Dataset items:
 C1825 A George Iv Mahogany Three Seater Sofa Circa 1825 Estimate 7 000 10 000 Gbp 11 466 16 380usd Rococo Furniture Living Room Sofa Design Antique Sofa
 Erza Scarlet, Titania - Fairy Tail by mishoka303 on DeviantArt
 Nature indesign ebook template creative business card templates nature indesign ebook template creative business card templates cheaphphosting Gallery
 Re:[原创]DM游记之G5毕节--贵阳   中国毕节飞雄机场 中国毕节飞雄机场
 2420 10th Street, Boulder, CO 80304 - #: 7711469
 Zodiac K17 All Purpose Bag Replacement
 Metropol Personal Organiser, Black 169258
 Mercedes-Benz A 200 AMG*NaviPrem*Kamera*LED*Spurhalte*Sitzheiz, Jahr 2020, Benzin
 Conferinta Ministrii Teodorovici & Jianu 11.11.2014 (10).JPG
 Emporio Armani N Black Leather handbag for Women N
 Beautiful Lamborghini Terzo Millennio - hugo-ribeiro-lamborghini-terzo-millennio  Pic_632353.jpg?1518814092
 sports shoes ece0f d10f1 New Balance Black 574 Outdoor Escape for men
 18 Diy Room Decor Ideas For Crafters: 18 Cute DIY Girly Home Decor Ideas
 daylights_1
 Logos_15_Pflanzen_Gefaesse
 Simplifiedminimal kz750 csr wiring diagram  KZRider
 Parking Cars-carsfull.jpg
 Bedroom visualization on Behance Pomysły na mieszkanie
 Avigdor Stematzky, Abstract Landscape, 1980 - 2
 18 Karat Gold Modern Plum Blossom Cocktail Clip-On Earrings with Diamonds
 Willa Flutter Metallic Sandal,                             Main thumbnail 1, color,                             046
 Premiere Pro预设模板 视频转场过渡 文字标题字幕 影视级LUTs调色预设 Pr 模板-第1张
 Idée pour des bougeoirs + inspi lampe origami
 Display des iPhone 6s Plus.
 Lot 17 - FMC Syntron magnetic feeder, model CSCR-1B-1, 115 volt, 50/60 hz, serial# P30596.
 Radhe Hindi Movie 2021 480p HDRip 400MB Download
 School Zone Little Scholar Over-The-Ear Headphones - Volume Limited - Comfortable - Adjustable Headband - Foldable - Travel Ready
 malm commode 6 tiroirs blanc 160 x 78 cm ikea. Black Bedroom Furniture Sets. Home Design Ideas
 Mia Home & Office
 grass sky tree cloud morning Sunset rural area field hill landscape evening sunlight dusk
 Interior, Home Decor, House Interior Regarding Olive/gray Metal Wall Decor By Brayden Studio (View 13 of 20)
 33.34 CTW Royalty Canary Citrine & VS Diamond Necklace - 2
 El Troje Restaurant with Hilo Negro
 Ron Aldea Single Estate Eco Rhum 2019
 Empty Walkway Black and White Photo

#### [Problem to solve]
An exact copy of the lines from the one with "Metropol Personal Organiser, Black 169258" through the final line of the entries is the whole answer.

#### [Output of the exercise]
 Metropol Personal Organiser, Black 169258
 Mercedes-Benz A 200 AMG*NaviPrem*Kamera*LED*Spurhalte*Sitzheiz, Jahr 2020, Benzin
 Conferinta Ministrii Teodorovici & Jianu 11.11.2014 (10).JPG
 Emporio Armani N Black Leather handbag for Women N
 Beautiful Lamborghini Terzo Millennio - hugo-ribeiro-lamborghini-terzo-millennio  Pic_632353.jpg?1518814092
 sports shoes ece0f d10f1 New Balance Black 574 Outdoor Escape for men
 18 Diy Room Decor Ideas For Crafters: 18 Cute DIY Girly Home Decor Ideas
 daylights_1
 Logos_15_Pflanzen_Gefaesse
 Simplifiedminimal kz750 csr wiring diagram  KZRider
 Parking Cars-carsfull.jpg
 Bedroom visualization on Behance Pomysły na mieszkanie
 Avigdor Stematzky, Abstract Landscape, 1980 - 2
 18 Karat Gold Modern Plum Blossom Cocktail Clip-On Earrings with Diamonds
 Willa Flutter Metallic Sandal,                             Main thumbnail 1, color,                             046
 Premiere Pro预设模板 视频转场过渡 文字标题字幕 影视级LUTs调色预设 Pr 模板-第1张
 Idée pour des bougeoirs + inspi lampe origami
 Display des iPhone 6s Plus.
 Lot 17 - FMC Syntron magnetic feeder, model CSCR-1B-1, 115 volt, 50/60 hz, serial# P30596.
 Radhe Hindi Movie 2021 480p HDRip 400MB Download
 School Zone Little Scholar Over-The-Ear Headphones - Volume Limited - Comfortable - Adjustable Headband - Foldable - Travel Ready
 malm commode 6 tiroirs blanc 160 x 78 cm ikea. Black Bedroom Furniture Sets. Home Design Ideas
 Mia Home & Office
 grass sky tree cloud morning Sunset rural area field hill landscape evening sunlight dusk
 Interior, Home Decor, House Interior Regarding Olive/gray Metal Wall Decor By Brayden Studio (View 13 of 20)
 33.34 CTW Royalty Canary Citrine & VS Diamond Necklace - 2
 El Troje Restaurant with Hilo Negro
 Ron Aldea Single Estate Eco Rhum 2019
 Empty Walkway Black and White Photo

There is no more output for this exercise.